For a seemingly endless time, they held each other wordlessly, content just to feel each other, to assure themselves that this reunion was real, not a dream from which they would wake, heartbroken and in despair.
“Jason,” she said at length, “I was so frightened for you. When my father told me his plan, I was livid. I wouldn’t speak to him for days. But he kept at me, repeated over and over what I told you, and at last I relented. And he was right. You were the only one who could get close to Ouyang, who could kill him. The only one. And of course, he had given you the perfect motivation: my death.”
There was anguish in her voice, as well as love. But there was also unmistakable pride.
Holding her now, hearing her speak, having once again felt her lips against his, the rage leached out of Bourne’s heart, and he calmed. As always, her touch was like a balm against the betrayals the world had, time and again, heaped on him. And as this process continued, he understood that though Eli had used him, he hadn’t betrayed him. On the contrary, Eli had trusted him to commit the most sacred act a father could set in motion: retribution for his gravely wounded daughter.
Rebeka—Sara; it would take some getting used to before he could call her that—shifted against him, and he realized that she must still be in pain.
“Lie back,” he said gently.
“Only if you keep hold of me.”
He lay her down, held her hand in both of his while she smiled up at him, and sighed deeply.
“Now listen, my love, while I tell you a story. When we met I was a flight attendant. You were heading for Damascus and so was I. But some time before, I met with Ouyang. It was all part of the plan. I presented myself as a courier, moving military secrets from Damascus to Oman. He saw me as a mule—as he was supposed to.
“The fact was, I was the one stealing the secrets. I was hiding in plain sight. From that moment on, his attention moved off me to find the people running me. But he never could find them, because they didn’t exist. He wasted untold time and money chasing the invisible honeypot while, one by one, I killed off his people.”
“Until he discovered the truth.”
“Yes.”
“And then he wouldn’t rest until you were dead.” Bourne wanted to scream. All at once, he hated his life of secrets and lies, hated the despicable life that had put her in harm’s way.

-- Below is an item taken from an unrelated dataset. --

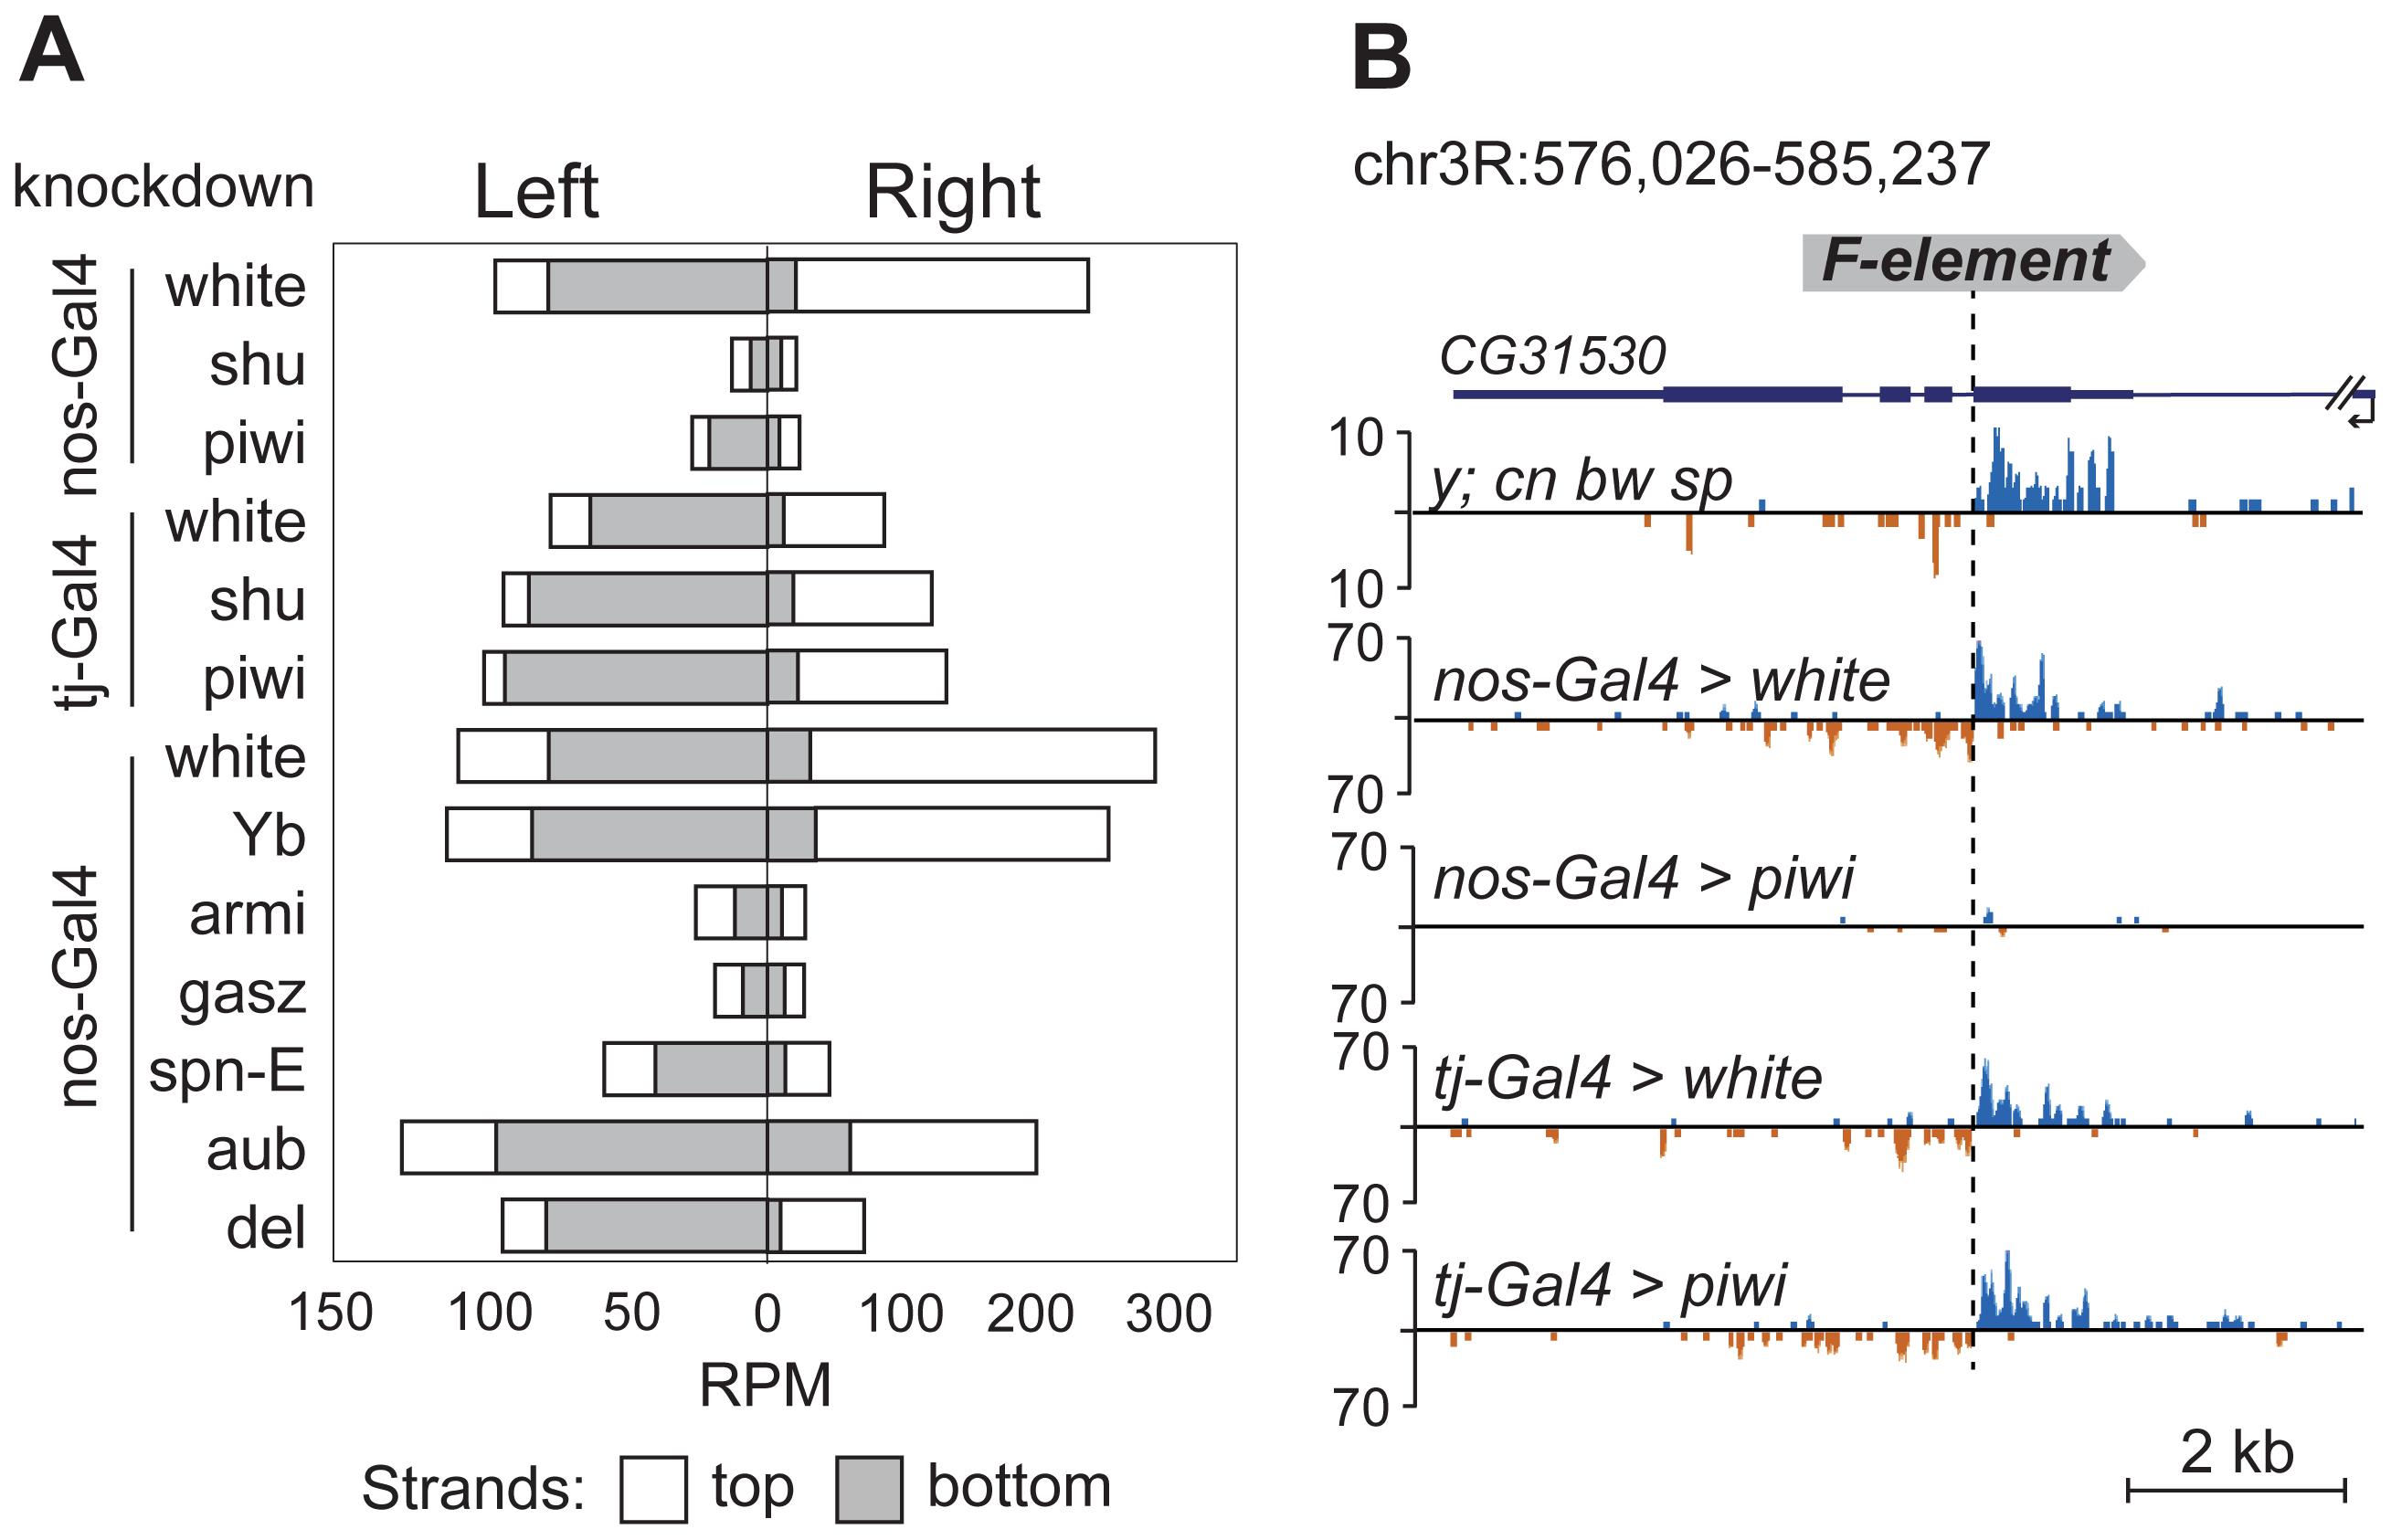 TE-flanking regions produce genuine piRNAs.

“At the outset of the mission, I was outfitted with a hollow tooth,” she continued. “Inside was a fast-acting capsule. It wasn’t a death pill, but one that would ensure my life under extreme circumstances. I swallowed a drug our scientists have perfected that slows the metabolism to simulate death. If I’m found in time, I can be revived, though the return to life is a long and painful one.”

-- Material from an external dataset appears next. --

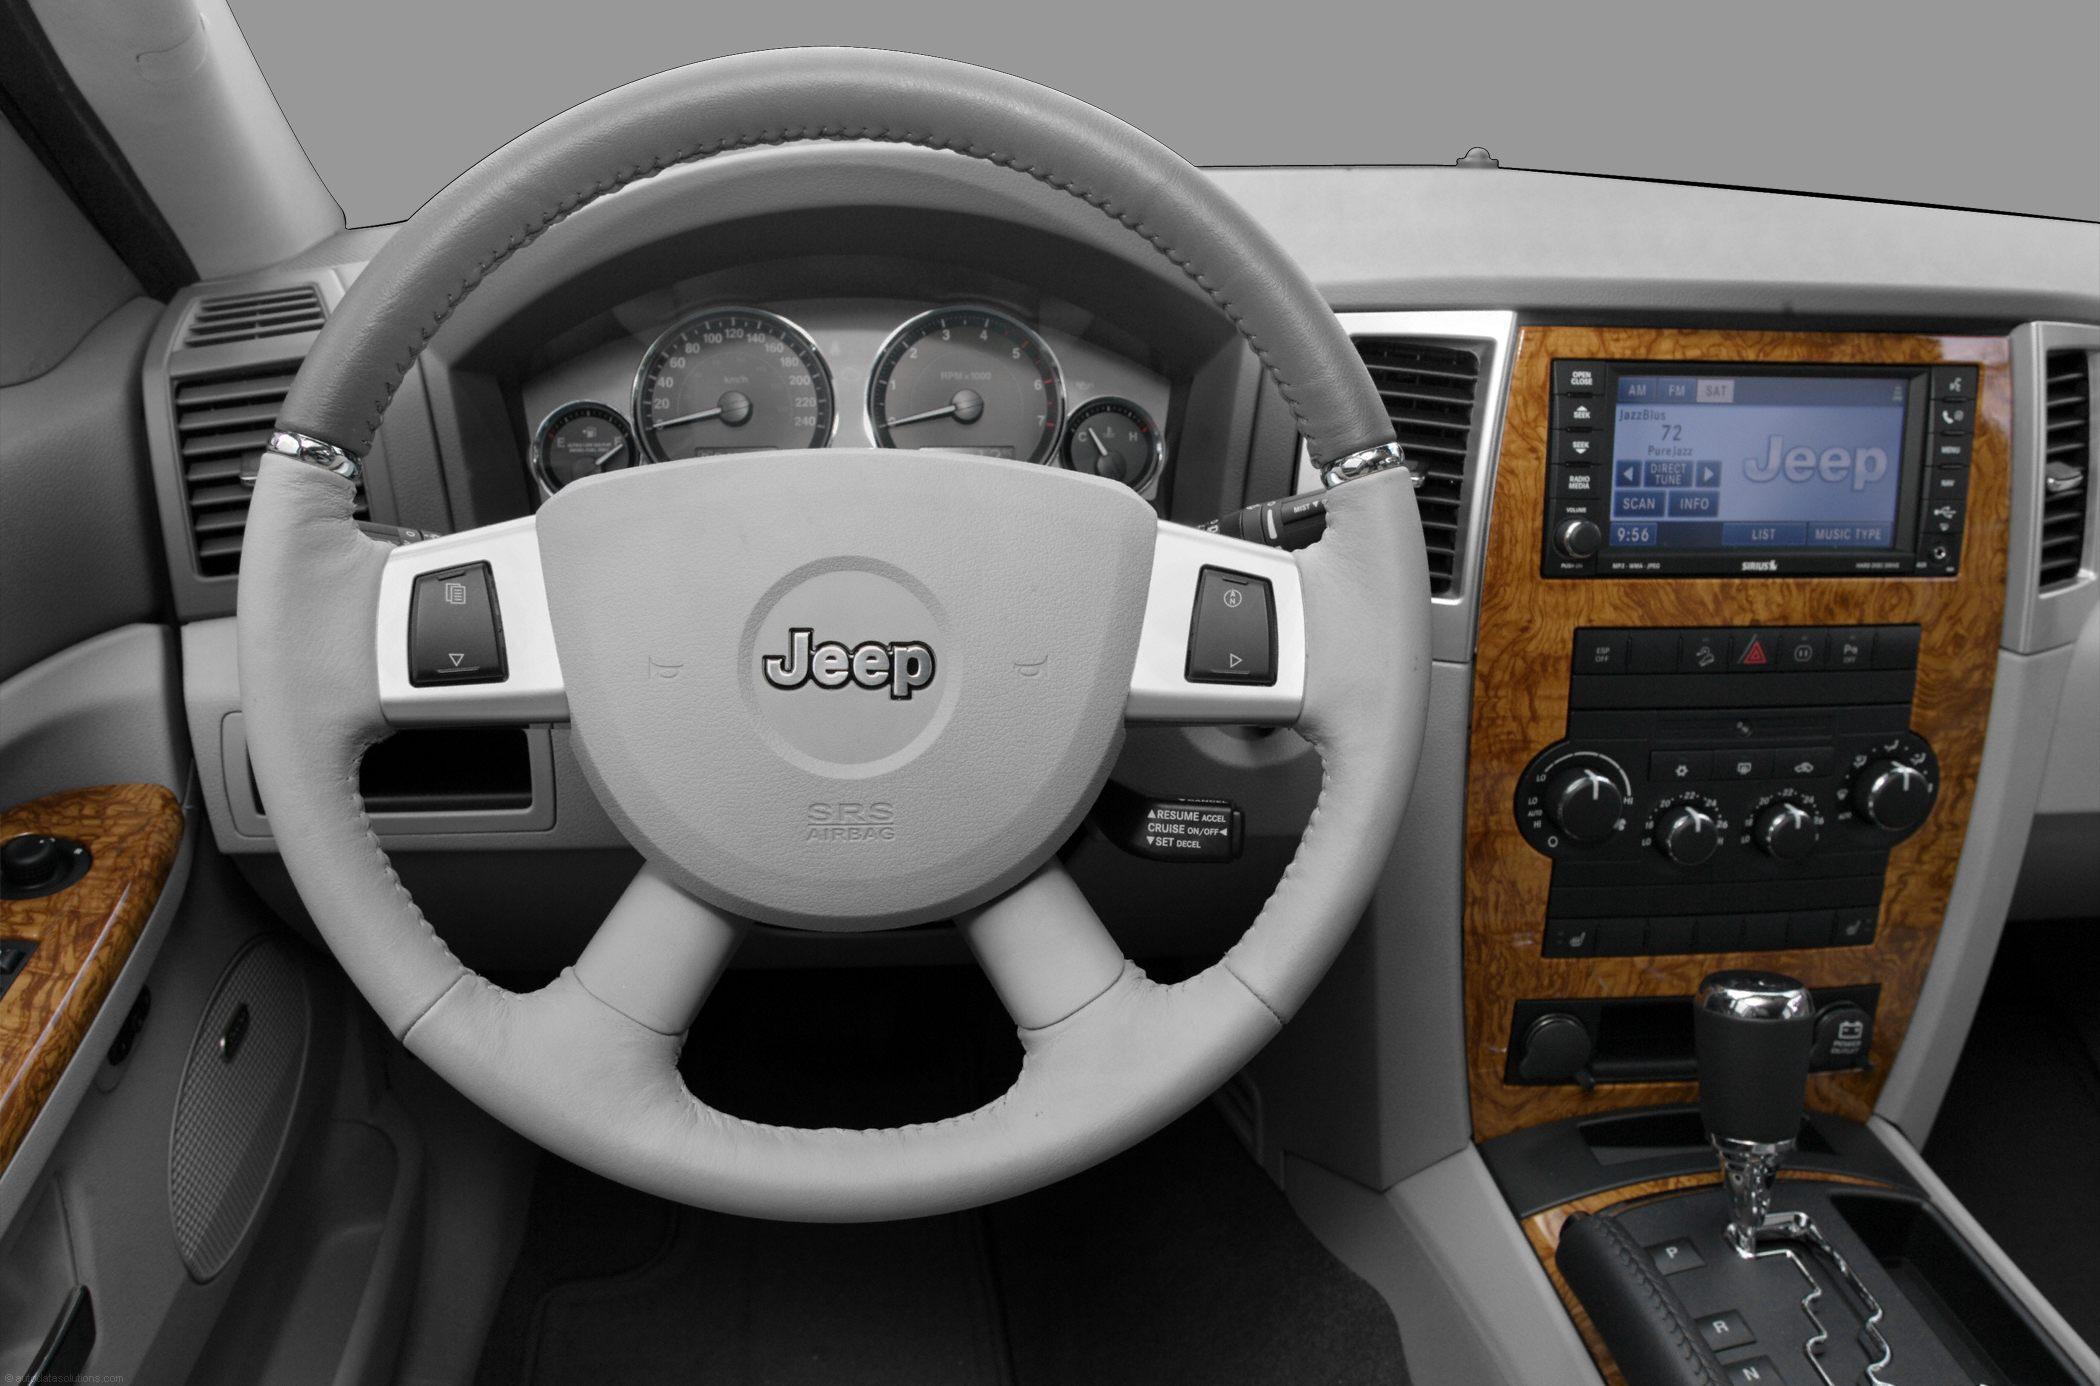 2010 Jeep Grand Cherokee #11 Jeep Grand Cherokee #11

For some time, Bourne sat holding her hand.
Tears leaked from the corners of her eyes. “How many times have I imagined this moment, Jason; longed for it with all my heart and soul.”

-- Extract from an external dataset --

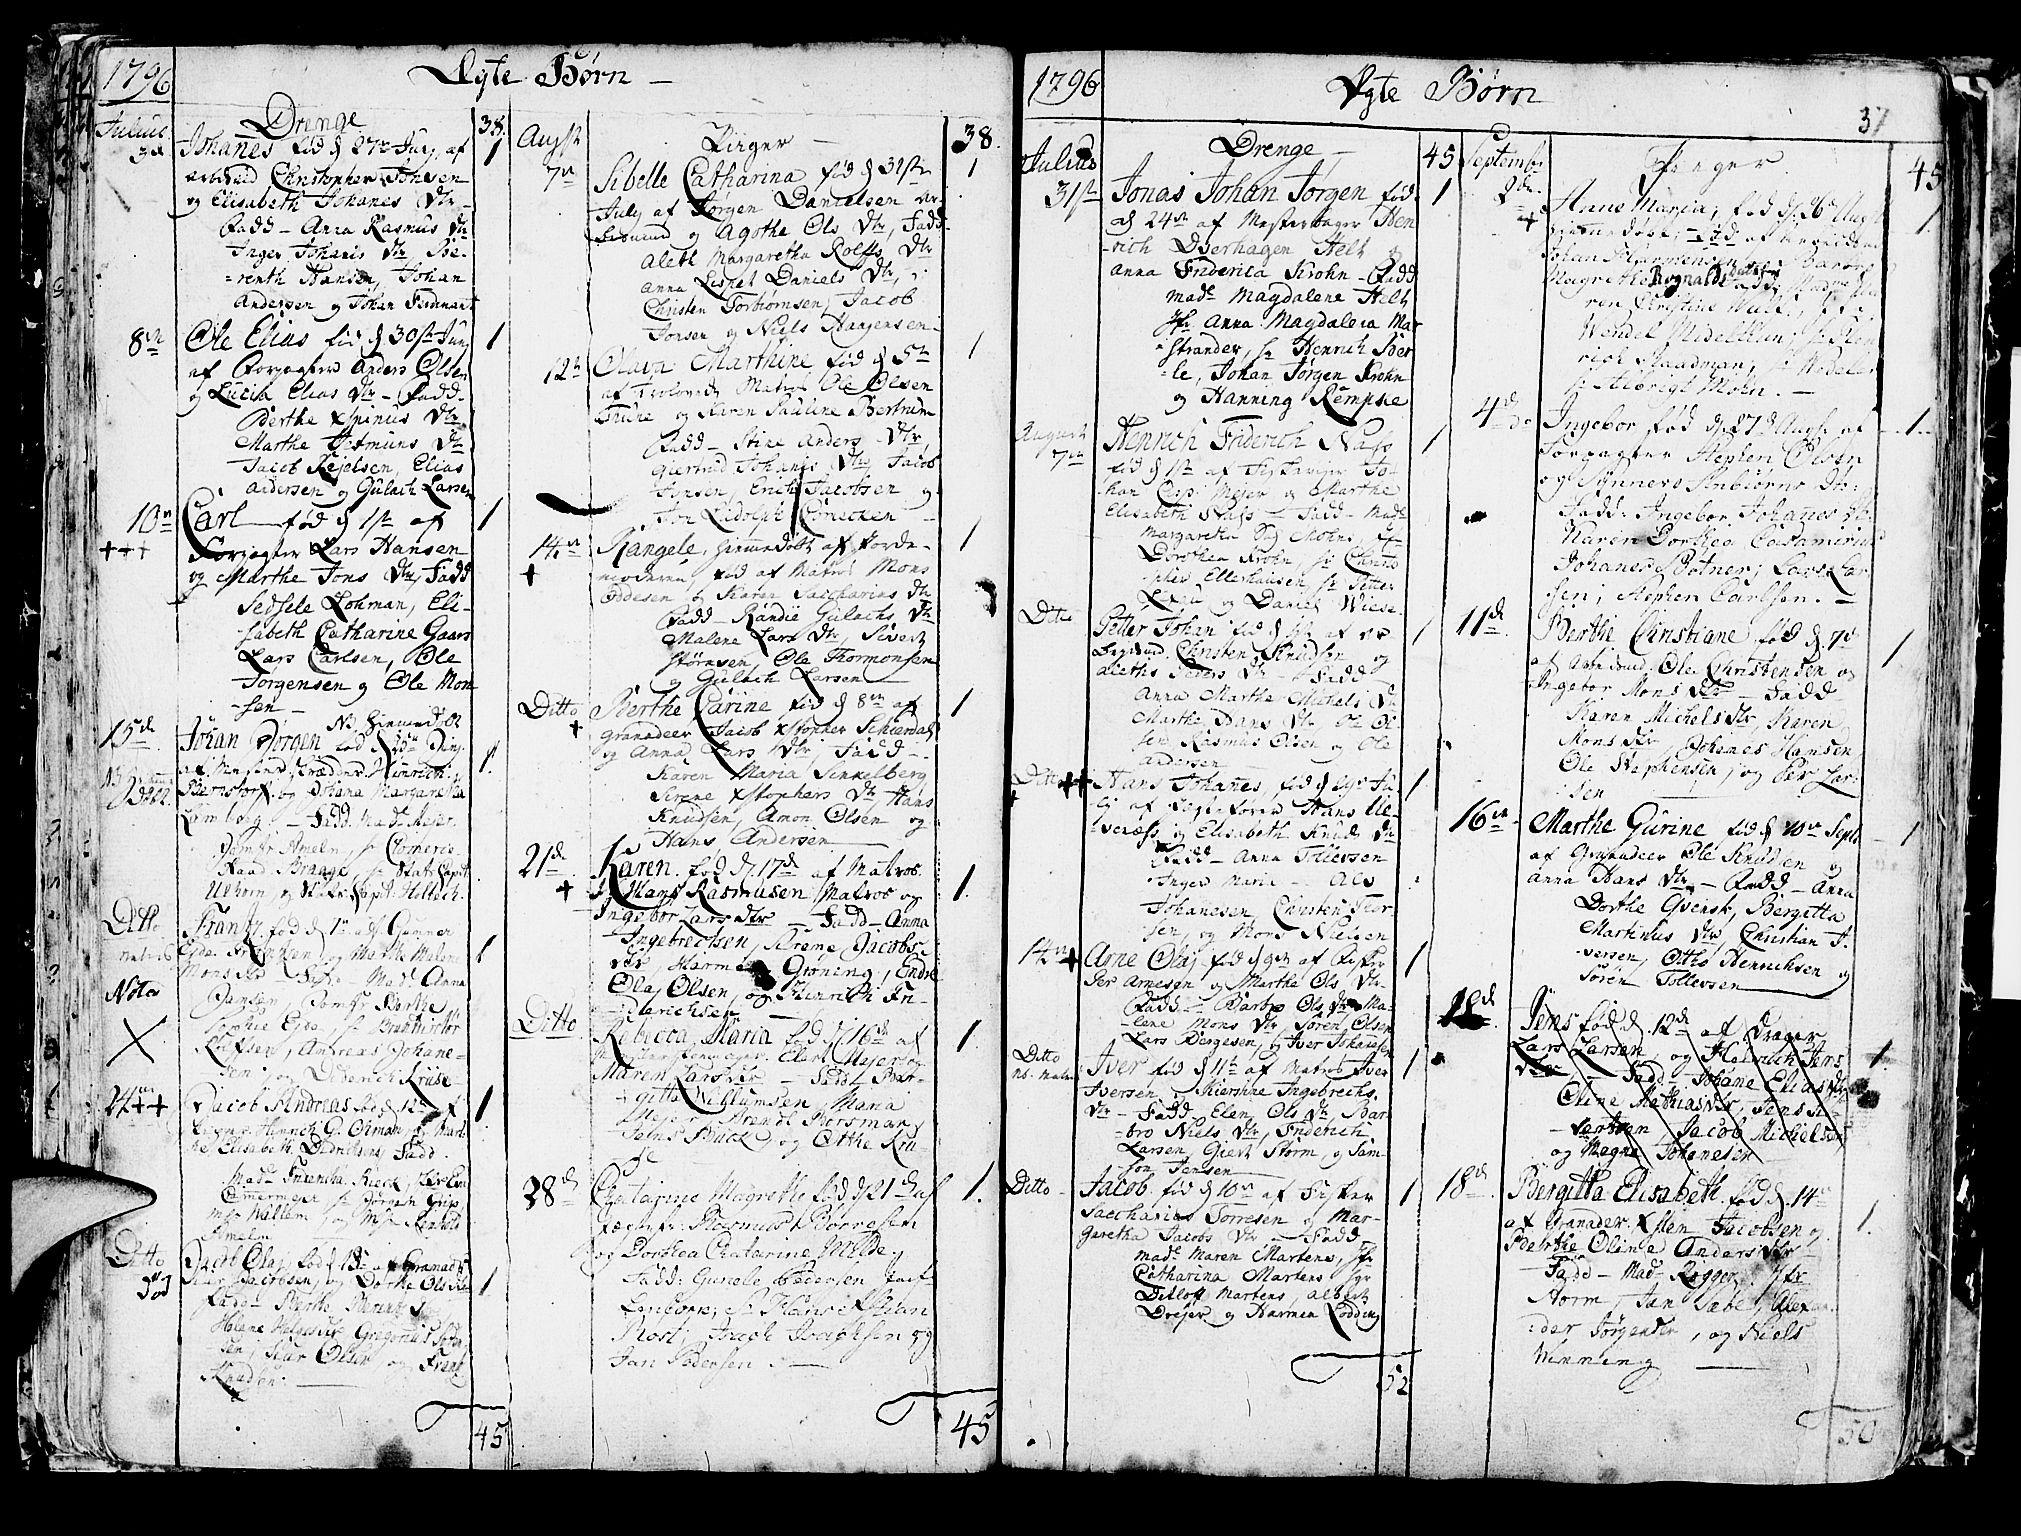 SAB, Korskirken Sokneprestembete, H/Haa/L0006: Ministerialbok nr. A 6, 1790-1820, s. 37

Leaning over, Bourne kissed her tears away. “You’re not going out into the field again.”
“Could I stop you?” She searched his face. “Be honest. What else would either of us do?”
For a long time, they stared into each other’s eyes. At length, he took the gold chain from around his neck. The small star of David glimmered between them, a comet in the night sky. The moment she saw it, the tears came again. But this time her eyes were shining. She bent her head forward and he affixed the chain at the nape of her neck. The emblem of her he had carried with him from the moment of her supposed death lay on her chest as it had on the afternoon he had met her, heading to Damascus.
“You see, you were always close to me,” he whispered.
“Jason.” Tears lay heavy on her eyelids, reflecting tiny prisms. “Oh, Jason, what are you waiting for?”
He leaned toward her, and Sara Yadin burst into delighted laughter.
“Yes,” she sighed just before his lips covered hers.